A Word, Please: Just don't let it happen on her watch

Put on your editor's cap for a moment and see if you can find the typo in this sentence: “Healthy doses of pepper spray and adrenaline were among the on-hand accouterments wielded by the two dozen Norfolk officers that responded to the embarrassing scene on the National Mall — a fracas occurring far closer to the Capitol than was considered safe in the judgment of the respondents' commanding officers.”

The mistake, which any editor would be expected to catch, is “Norfolk.” Virginia police wouldn't respond to a D.C. call.

Let's try another: “Poring over the menu at Chez Pierre, it's clear that creations like opah crepe hors d'oeuvres, lobster bisque and wasabi risotto — Executive Chef Jonathan Johns' signature dishes created with the help of his wife Madeleine — were designed to delight the palate and supersede his penultimate culinary accomplishment.”

No matter how carefully you pored over this sentence, you might never catch that the writer called Johns a polygamist. Without a comma before “Madeleine,” the writer implied that her name is “restrictive information” necessary to identify which of Johns' multiple wives we were talking about.

Editing is tough. When you're looking for misspellings, comma errors slip by. When you're trying to make sure subsequent references to Jonathan Johns are always “Johns” and never “John,” you can forget to check your dictionary's preferred spelling of “accouterment.” When you're doing a close reading, major logical problems can slip by. When you're focused on big-picture cohesiveness, you may not notice a bad headline.

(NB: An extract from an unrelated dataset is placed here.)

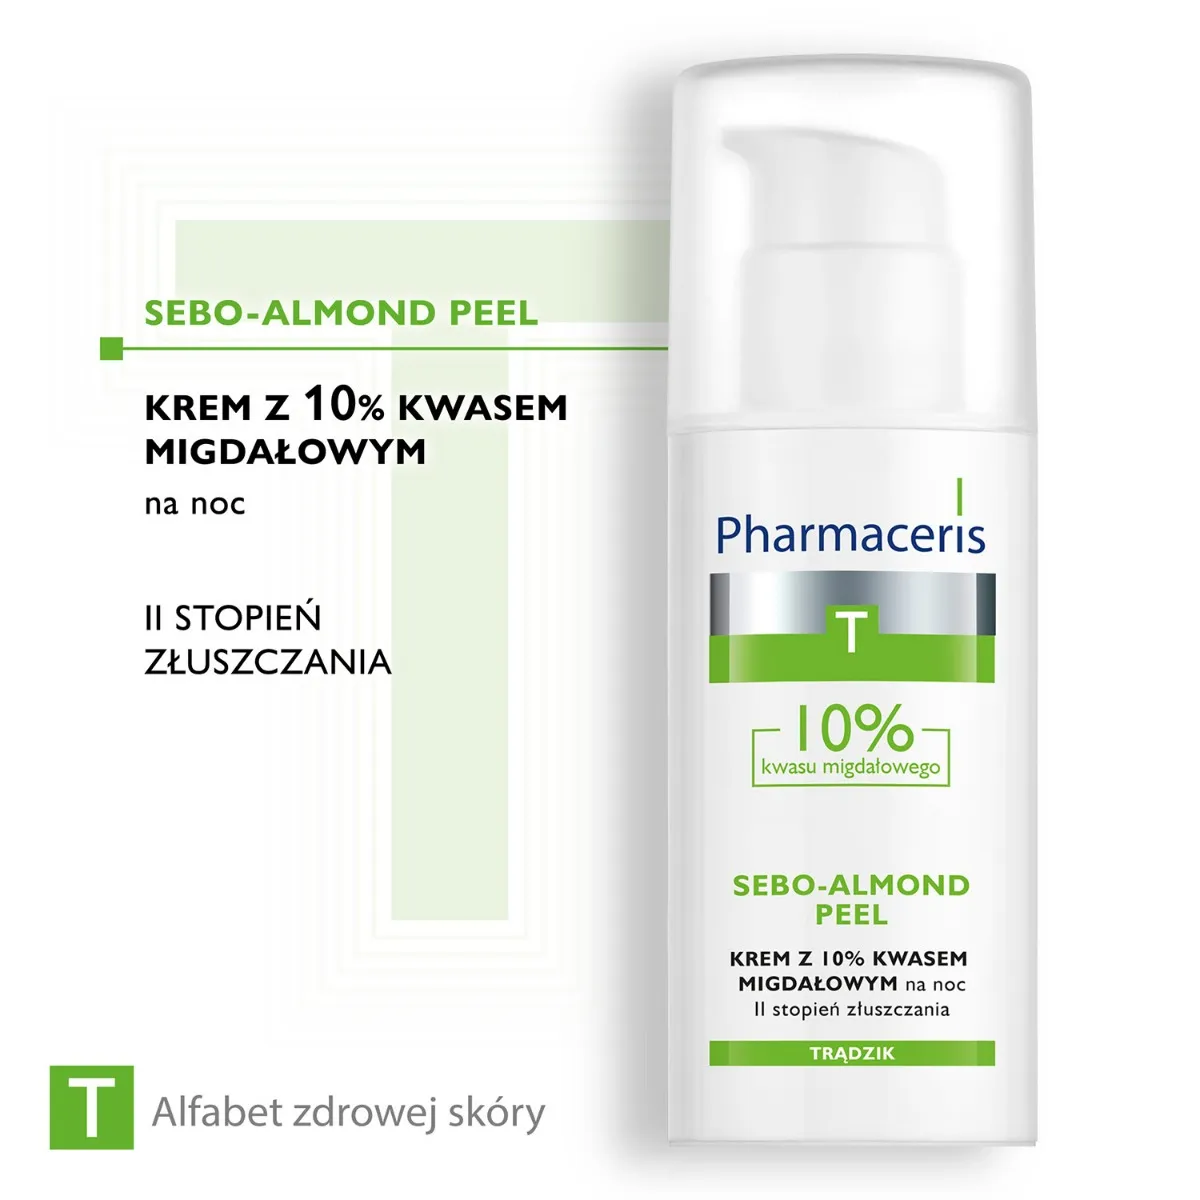 Pharmaceris T Sebo-Almond Peel, krem z 10% kwasem migdałowym na noc, II stopień złuszczenia, 50 ml

Last week, ESPN editor Anthony Federico ran an online headline about a basketball player that included the expression “chink in the armor.” Because the player, Jeremy Lin, is Asian, it was an ugly double entendre. Federico claims it wasn't deliberate.

“This has nothing to do with me being cute or punny,” he told the New York Daily News. “It was an honest mistake.”

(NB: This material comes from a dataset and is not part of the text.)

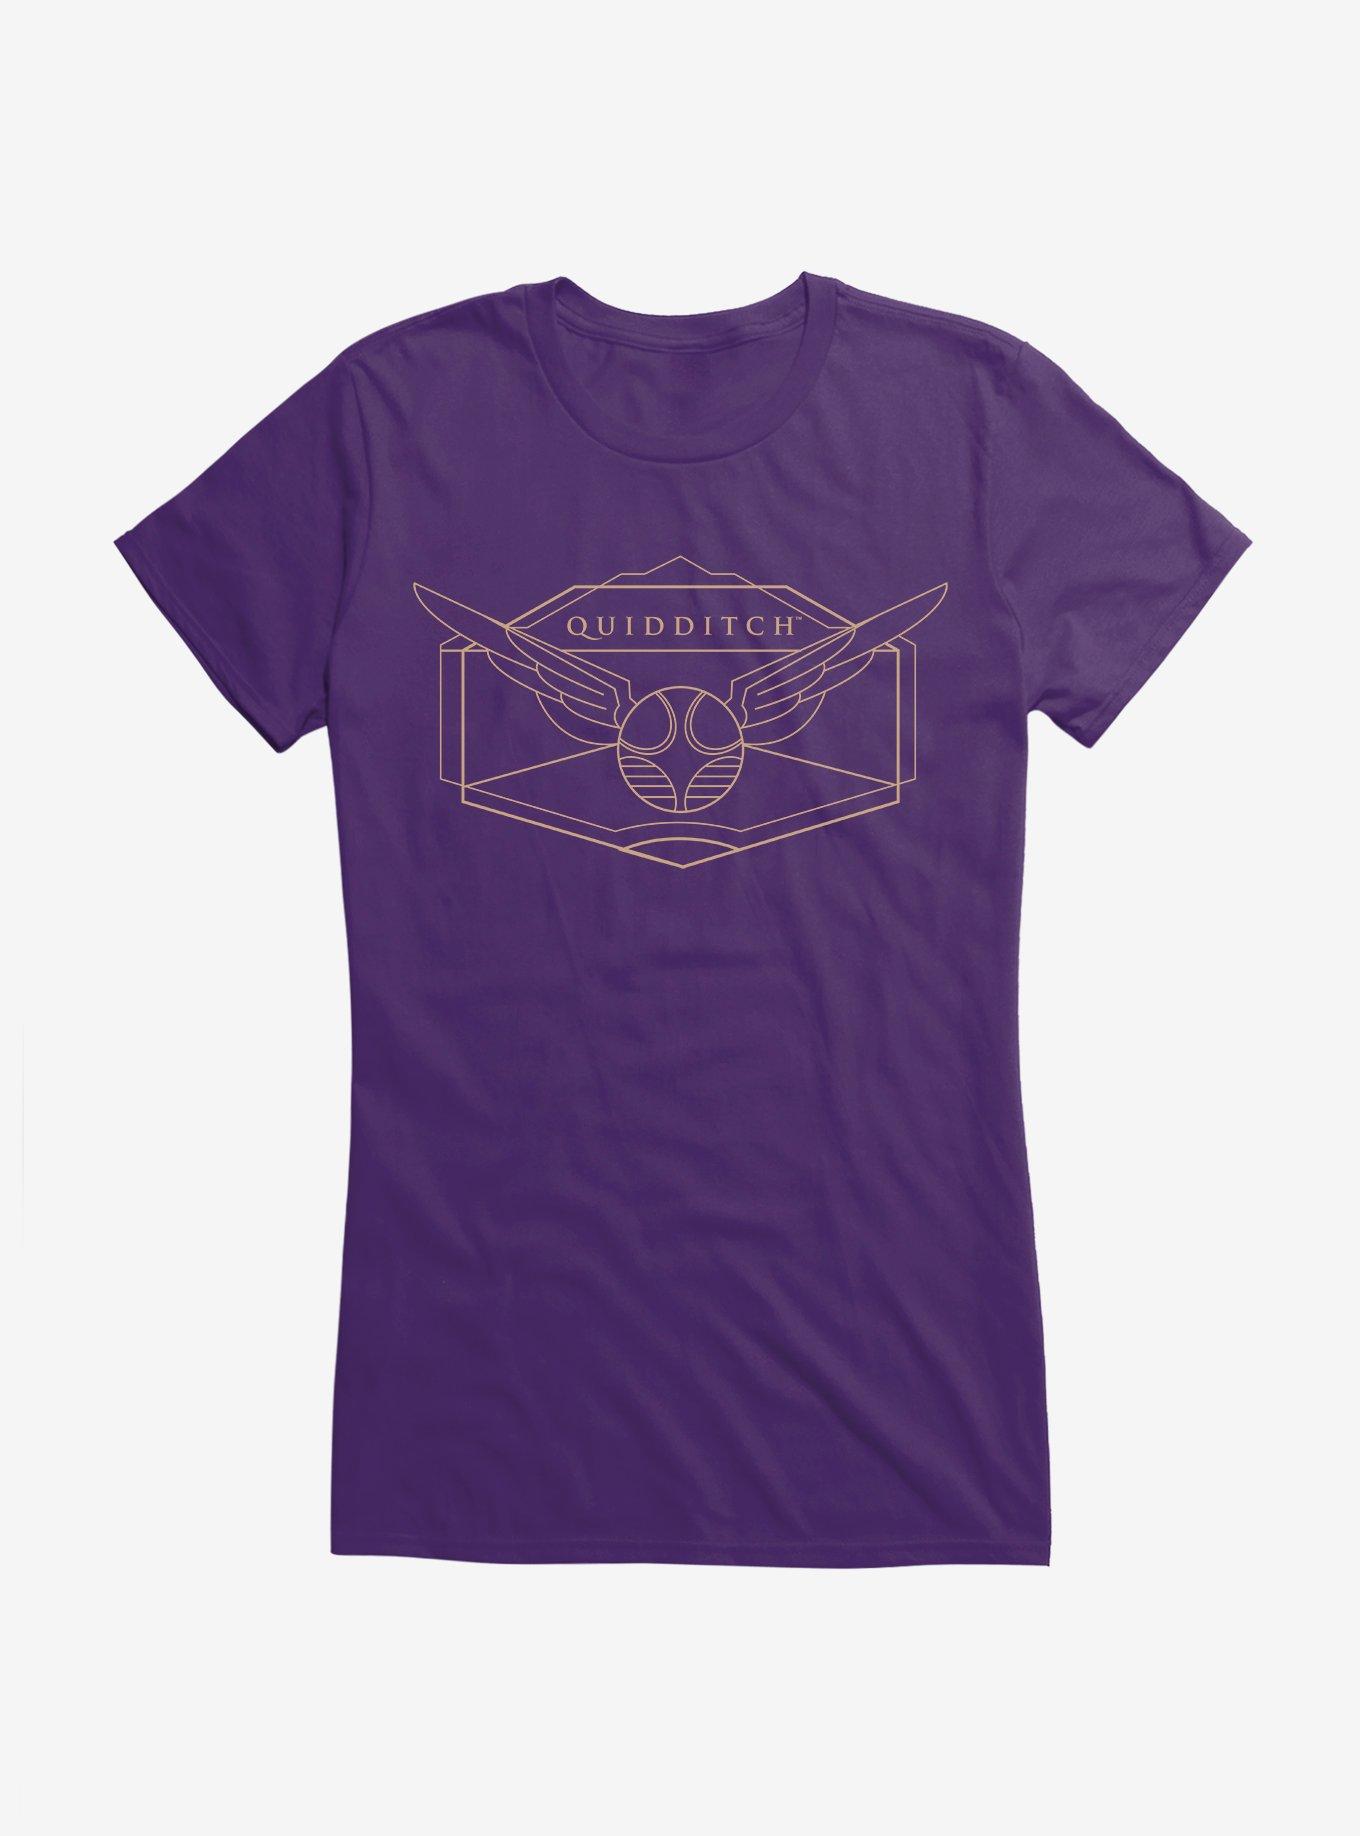 Harry Potter Golden Magic Quidditch Emblem Girls T-Shirt, PURPLE, hi-res

A lot of people don't believe that journalists are capable of honest mistakes. The more common perception depicts editors and reporters twisting the ends of their waxed mustaches and laughing maniacally while plotting the overthrow of society. Case in point: On perhaps a dozen occasions, readers of my column who've spotted errors — real or perceived — in my writing, have sent me emails asking, “Were you testing us? Did you put that in on purpose to see if we'd catch it?”

My playing sneaky mind games by inserting errors into my own writing seems, to some people, more plausible than the possibility I just made a mistake.

Similarly, some people might find it impossible to believe that Federico's headline, which he wrote during the course of his job editing stories, was anything but deliberate. If I hadn't spent so many years catching, failing to catch and even creating bizarre errors, I wouldn't believe it myself. But in fact, Federico's claim that it just slipped out and then slipped past him is plausible.

Editing and writing have a way of pulling the mind in many directions at once, and the cognitive processes involved are complex, mysterious and full of surprises — sometimes nasty surprises. As both a writer and an editor, I've made some doozy errors, including inexplicable brain hiccups, like the time I wrote a column about lexicographer Grant Barrett, calling him “Brad Garrett” throughout.

Editors are trained to seek out and destroy not just inflammatory language, but any language that could be a distraction to the story itself. So Federico messed up big time.

But though I can't be sure whether his headline was an honest mistake, there's one thing I am sure of: It could have happened on my watch.